Duckalog prevents malicious path patterns that could escape the configuration directory:

# These patterns are blocked for security:
views:
  - name: blocked1
    source: parquet
    uri: "../../../etc/passwd"  # ❌ Blocked: excessive parent traversal

  - name: blocked2
    source: parquet
    uri: "/etc/passwd"  # ❌ Blocked: dangerous system path

Allowed Patterns

# These patterns are safe and allowed:
views:
  - name: normal_relative
    source: parquet
    uri: "data/file.parquet"  # ✅ Safe: within config directory

  - name: reasonable_parent
    source: parquet
    uri: "../shared/file.parquet"  # ✅ Safe: reasonable parent traversal

  - name: subdirectory
    source: parquet
    uri: "subdir/deep/nested/file.parquet"  # ✅ Safe: within bounds

Cross-Platform Compatibility

Windows Paths

  • Drive Letters: C:\, D:\ paths are treated as absolute
  • UNC Paths: \\server\share paths are preserved
  • Path Separators: Both / and \ are supported

Unix/Linux/macOS Paths

  • Absolute Paths: Paths starting with / are absolute
  • Relative Paths: Everything else follows relative resolution rules

Examples

# Windows
views:
  - name: windows_absolute
    source: parquet
    uri: "C:\\Users\\data\\file.parquet"  # Absolute, used as-is

  - name: windows_relative
    source: parquet
    uri: "data\\file.parquet"  # Resolved to config dir + data\file.parquet

# Unix/macOS
views:
  - name: unix_absolute
    source: parquet
    uri: "/home/user/data/file.parquet"  # Absolute, used as-is

  - name: unix_relative
    source: parquet
    uri: "data/file.parquet"  # Resolved to config dir + data/file.parquet

Best Practices

1. Use Relative Paths for Local Data

# Recommended: Relative paths for project data
views:
  - name: users
    source: parquet
    uri: "data/users.parquet"  # ✅ Portable and predictable

2. Organize Data by Purpose

# Recommended: Structured data organization
views:
  - name: raw_events
    source: parquet
    uri: "raw-data/events/*.parquet"

  - name: processed_metrics
    source: parquet
    uri: "processed/metrics/daily/*.parquet"
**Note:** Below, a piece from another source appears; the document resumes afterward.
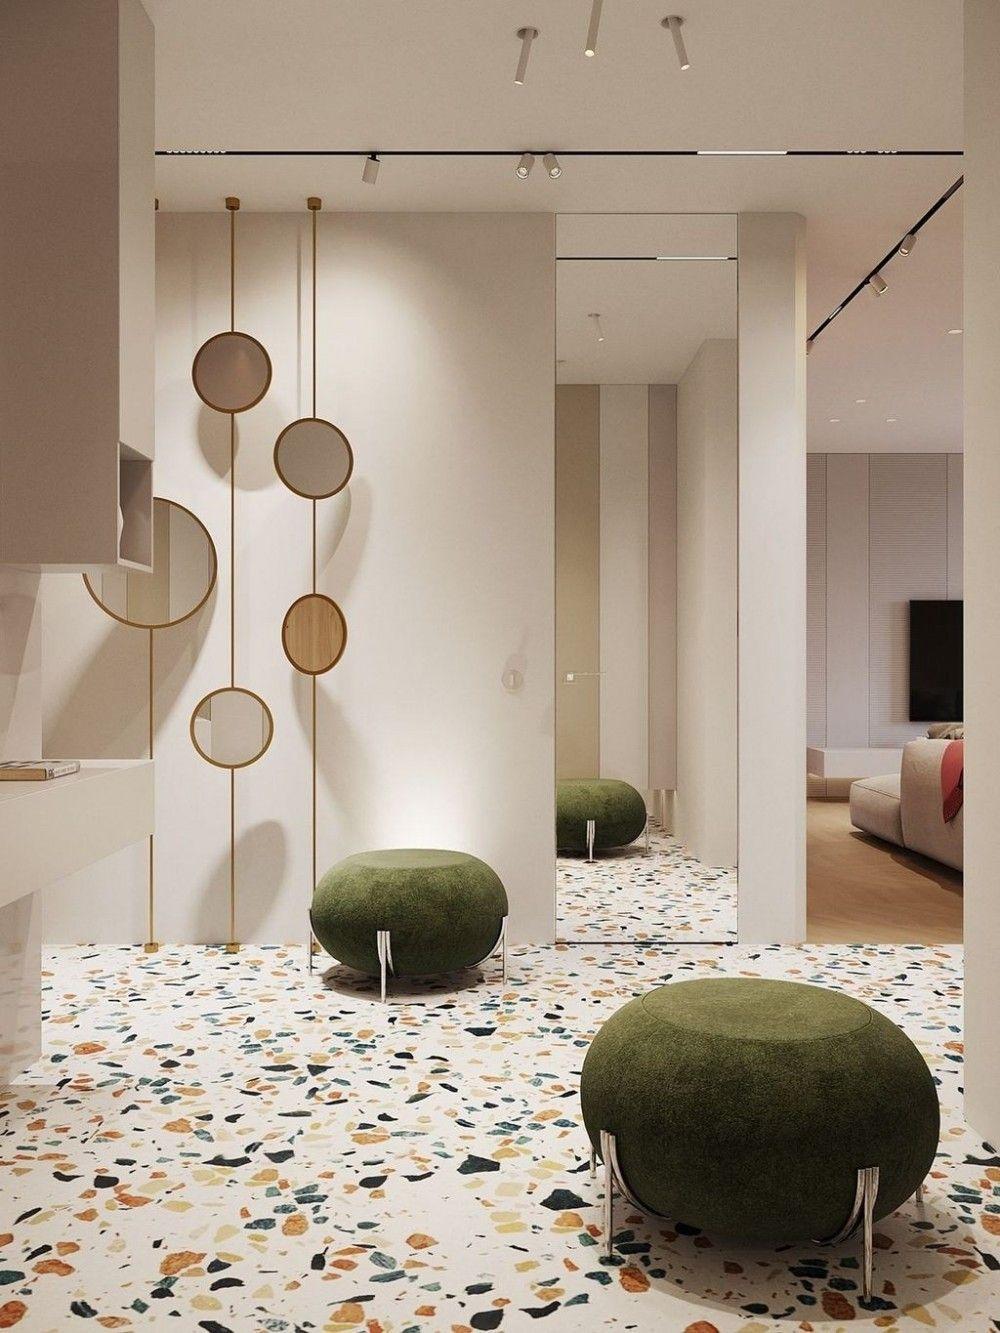 20 Idees De Design D Interieur D Appartement Moderne Idees De
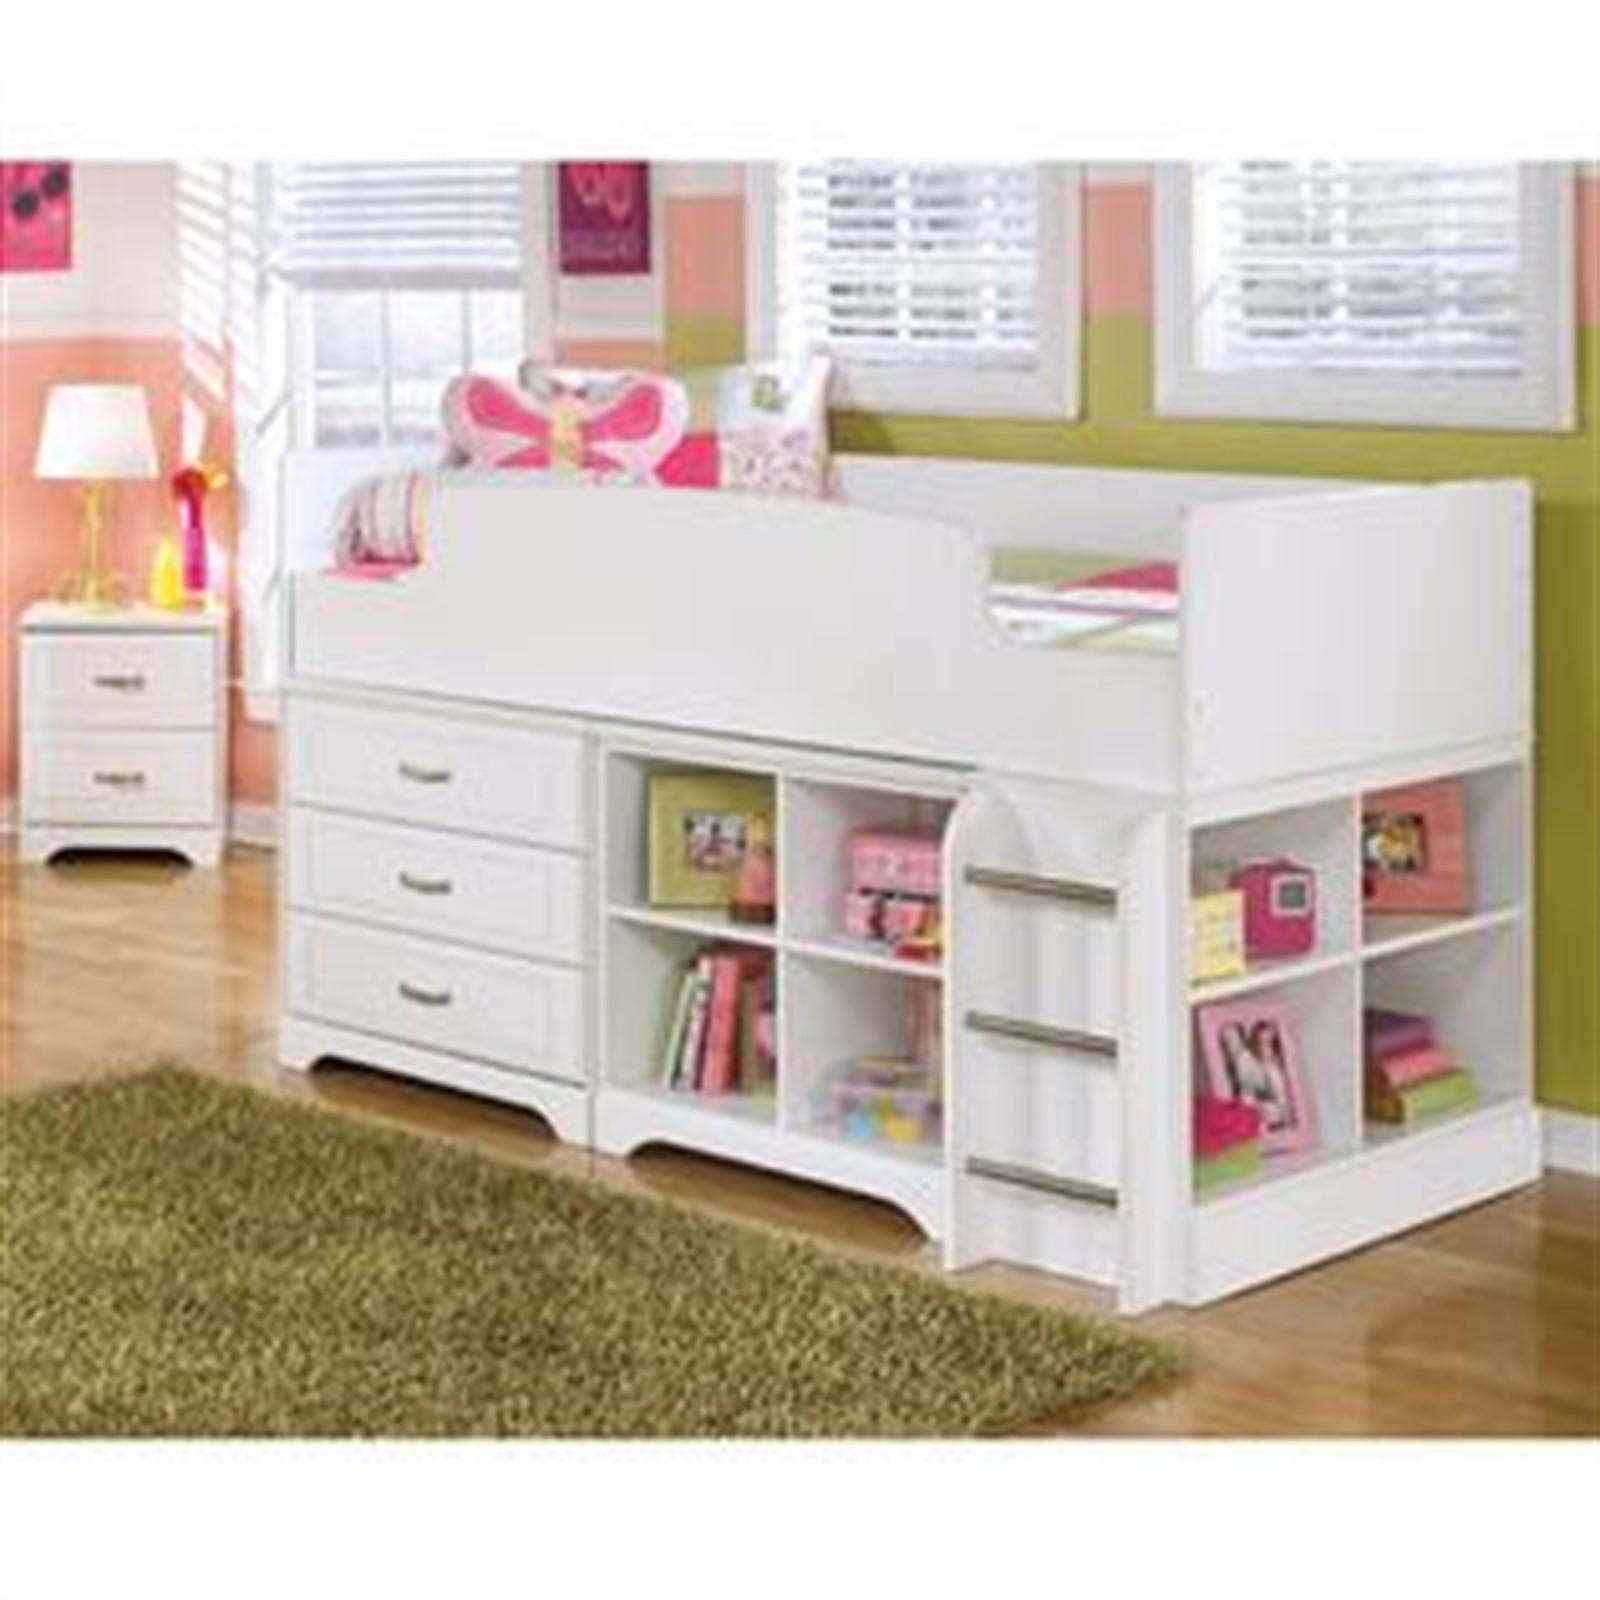 Lulu Loft Bed with Storage - Twin - White

  - name: reference_lookup
    source: parquet
    uri: "reference/lookup-tables/*.parquet"

3. Use Environment Variables for External Paths

# For external dependencies, use environment variables
attachments:
  duckdb:
    - alias: reference
      path: "${env:REFERENCE_DB_PATH:./reference.duckdb}"
      read_only: true

views:
  - name: external_data
    source: parquet
    uri: "${env:DATA_ROOT}/external/file.parquet"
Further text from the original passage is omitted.